Así se explica que ahora tengamos 5,4 millones de parados y que la cifra siga subiendo. Por ello, creo que la primera cosa positiva que tiene la reforma que acaba de aprobar el PP es que, por primera vez, es racional y piensa en la empresa y, al hacerlo, piensa en salvar muchos empleos.

La reforma, por supuesto, no es perfecta, pero su contenido es valiente y avanza en la buena dirección. Es valiente porque, por primera vez, rompe con tabúes establecidos que han hecho mucho daño al empleo en España, como la centralización de la negociación colectiva, la ultractividad de los convenios, la movilidad funcional o la capacidad del empresario para gestionan la jornada laboral en términos anuales y, de esta forma, evitarse el tener que pagar horas extras de forma innecesaria.
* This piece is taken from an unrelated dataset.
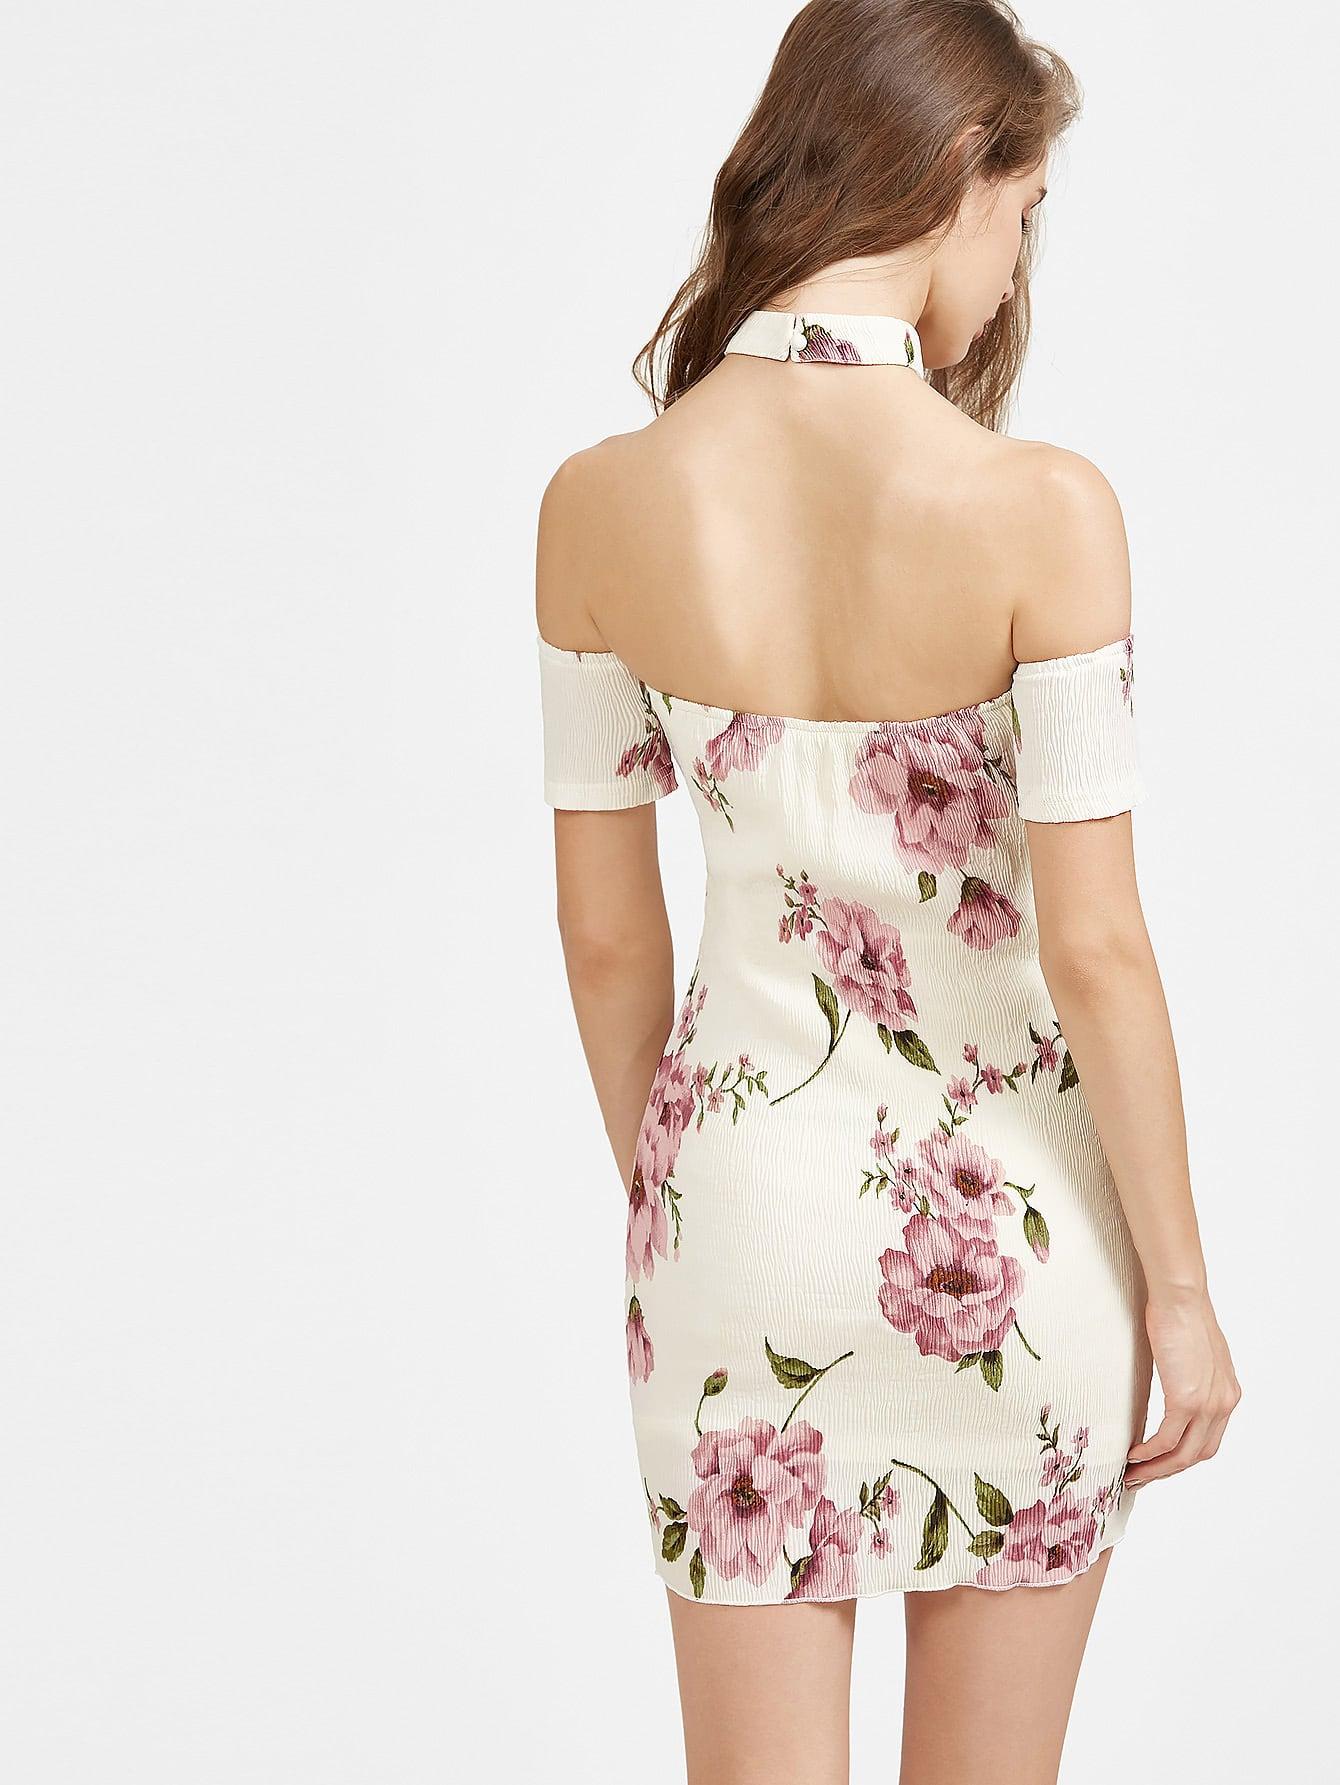 dress170120445_1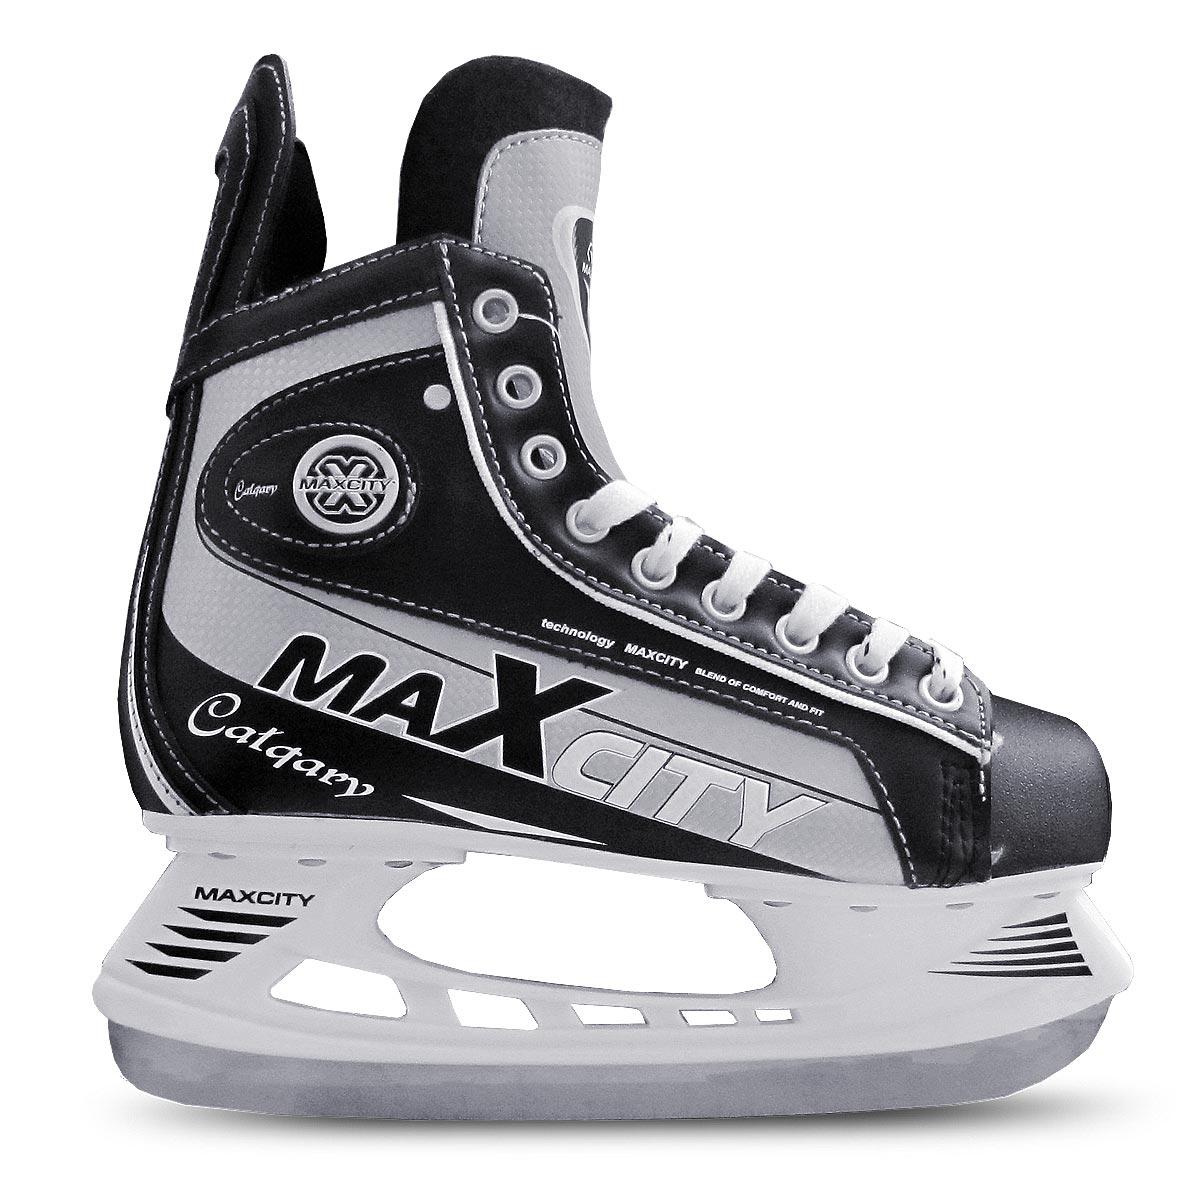 Коньки хоккейные мужские CalgaryCALGARYСтильные коньки от MaxCity Calgary с ударопрочной защитной конструкцией отлично подойдут для полупрофессионального катания. Ботинки изготовлены из комбинации морозостойкой искусственной кожи, ПВХ и искусственных материалов с высокой, плотной колодкой и усиленным задником, обеспечивающим боковую поддержку ноги. Мыс дополнен вставкой, которая защитит ноги от ударов. Внутренний слой с мягкими вставками EVA и стелька изготовлены из мягкого текстиля, который обеспечит тепло и комфорт во время катания, язычок - из войлока. Плотная шнуровка надежно фиксирует модель на ноге. Голеностоп имеет удобный суппорт. Коньки по верху декорированы оригинальным принтом и тиснением в виде логотипа бренда. Подошва - из твердого ПВХ. Лезвие из нержавеющей стали обеспечит превосходное скольжение. Оригинальные коньки придутся вам по душе.

Creo que lo mejor, y lo más valiente, de lo que acaba de aprobar el Gobierno está aquí, porque la empresa, para sobrevivir necesitaba de esas dosis de flexibilidad para negociar su convenio colectivo y gestionar su plantilla que la reforma le otorga. No me cabe duda que esto va a provocar las iras sindicales porque en cuanto prima el convenio de empresa sobre cualquier otro, el poder político de los sindicatos se diluye y su papel, tal y como lo concebían hasta ahora, se vuelve irrelevante.

Creo que también es especialmente importante y valiente el reducir de una vez por todas el coste del despido. En este sentido, me parece de especial relevancia tanto la eliminación de los trámites administrativos en los casos de expedientes de regulación de empleo como que una empresa se pueda acoger al despido procedente en cuanto lleve tres trimestres de reducción de ingresos, aunque siga en beneficios. Con ello, de lo que se trata es de que la empresa pueda actuar a tiempo, no como sucede hasta ahora que, en la mayoría de los casos, cuando puede despedir con veinte días, el daño que ha sufrido es tal que ni con eso se salva la compañía. Y, además, ya no se deja en manos de los magistrados de lo social el definir las causas económicas para el despido procedente porque la reforma las acaba de clarificar completamente, y por ley.

Bajo mi punto de vista, donde falla la reforma es en el coste del despido para las nuevas contrataciones. En algunos casos, como en los contratos de aprendizaje, éste prácticamente desaparece con la ampliación a un año del periodo de prueba en los nuevos contratos, lo cual puede inducir a las empresas a contratar jóvenes. Pero creo que se debería haber ido más lejos y en lugar de reducir el coste del despido a 33 días, se debería haber introducido, con carácter general, un nuevo contrato de crisis con una indemnización de 20 días como máximo, que es lo que podrían pagar muchas pymes en estos tiempos por contratar a un nuevo trabajador.

En conjunto, sin embargo, la reforma es tan buena como valiente y puede resultar fundamental para frenar la destrucción de empresas y, con ella, la sangría del empleo.